*Work instructions*
Set down the data below in full, exactly as it reads, but without the pictures.

[Opening Stored data section]

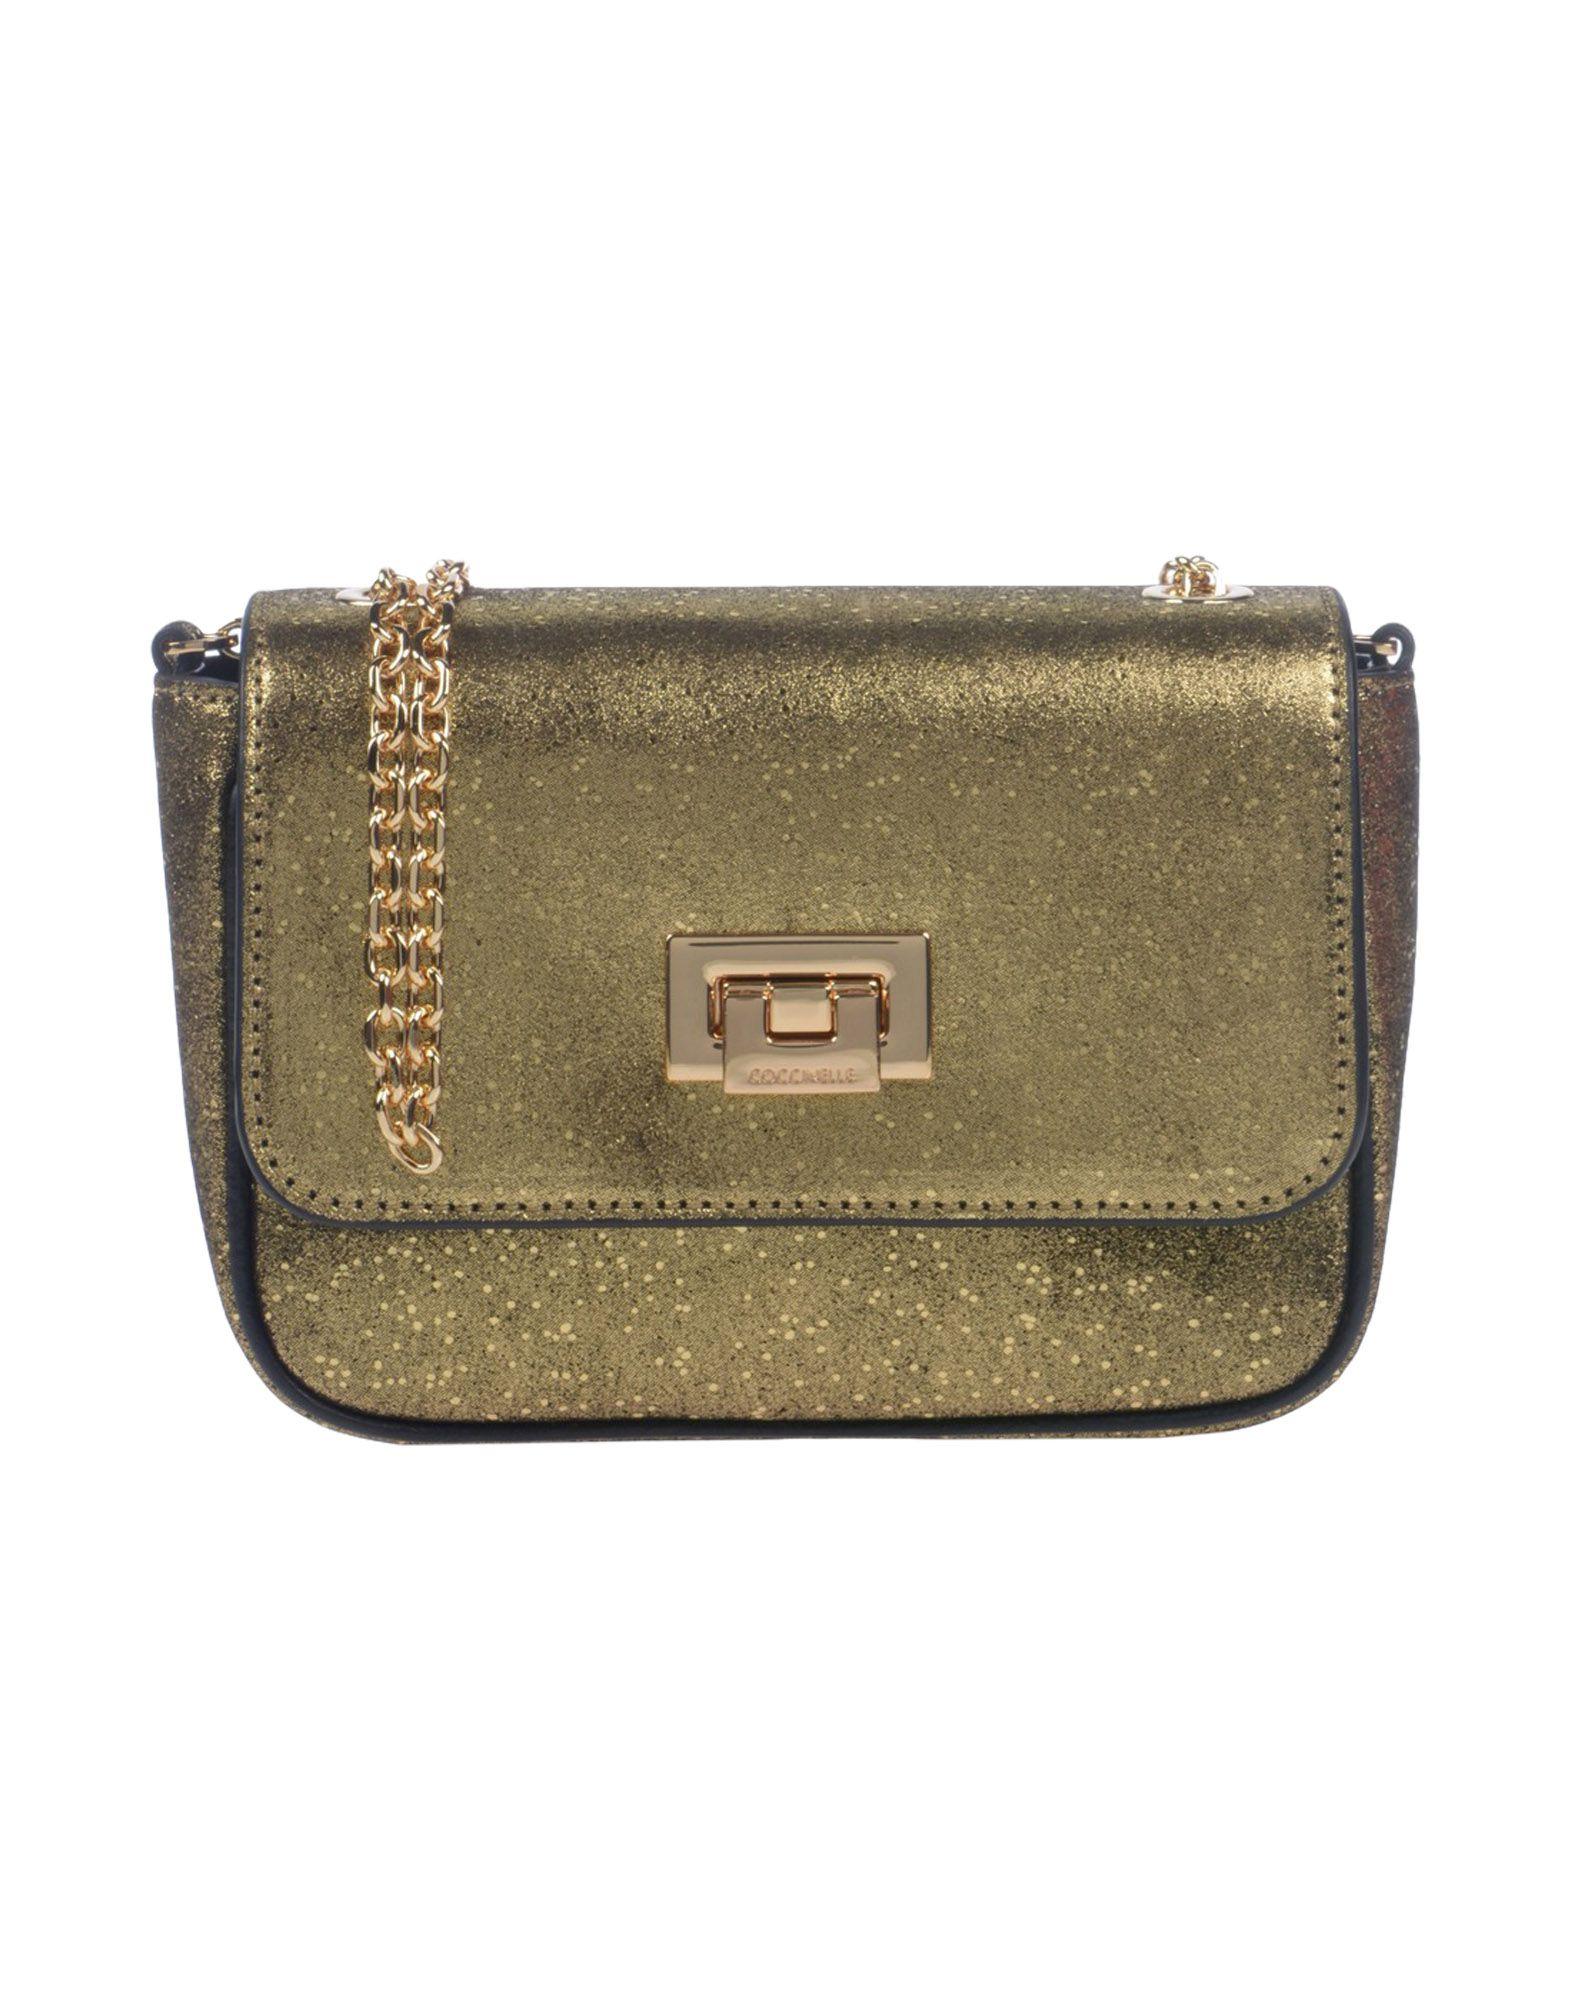 COCCINELLE Сумка через плечо сумка coccinelle сумка
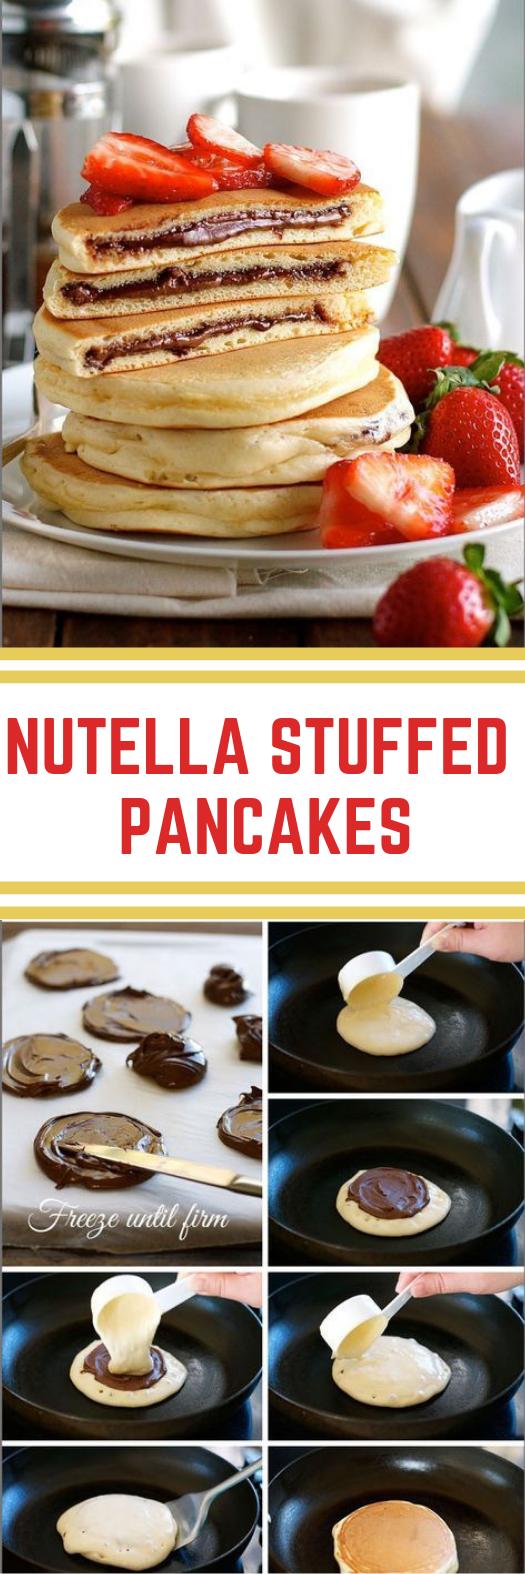 Nutella Stuffed Pancakes #pancake #dessert
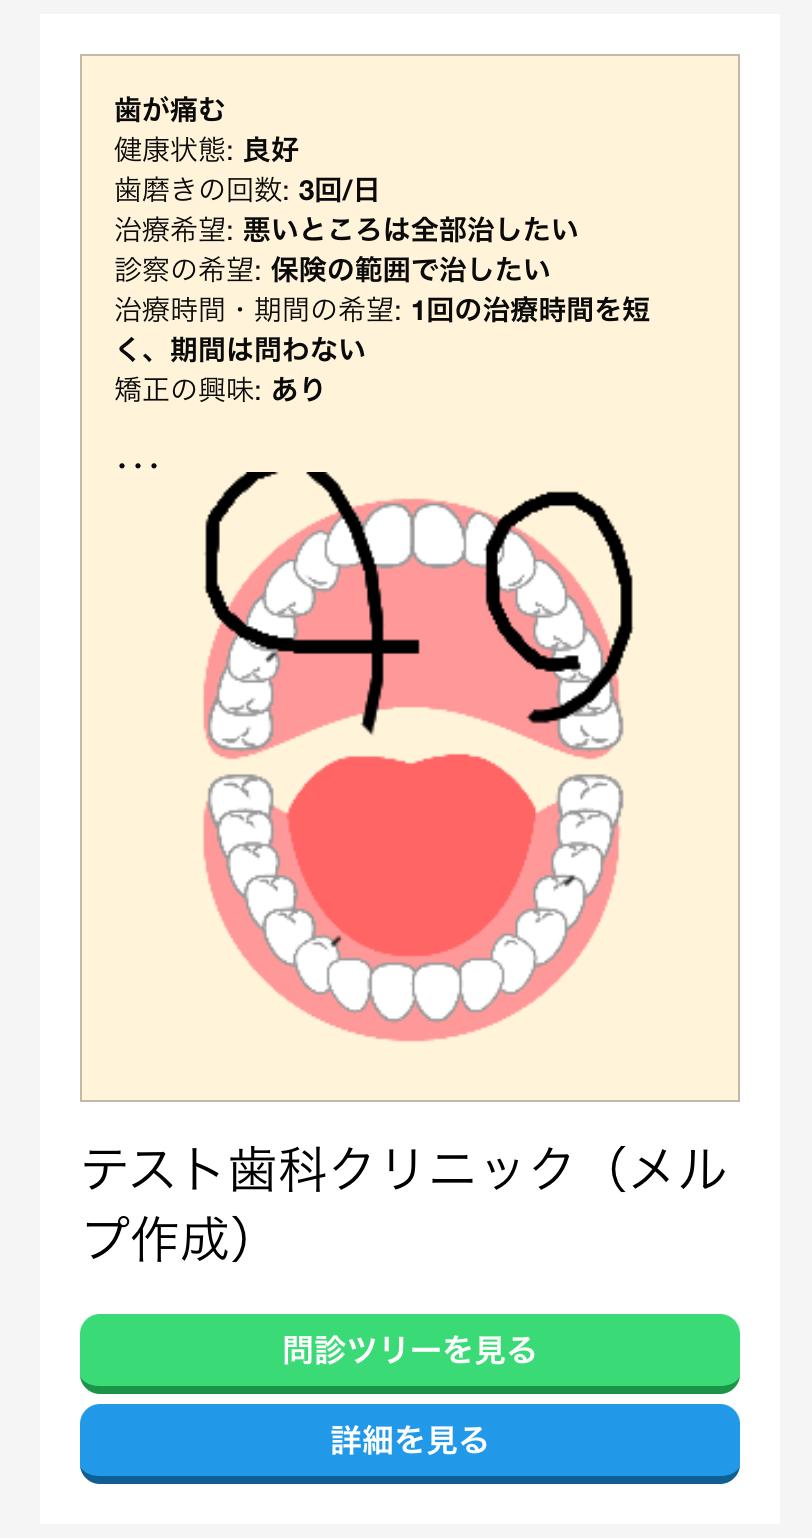 dental-monshin-thumbnail

[Closing Stored data section]

*Result of the task*
 COCCINELLE Сумка через плечо сумка coccinelle сумка
 Nutella Stuffed Pancakes #pancake #dessert
 dental-monshin-thumbnail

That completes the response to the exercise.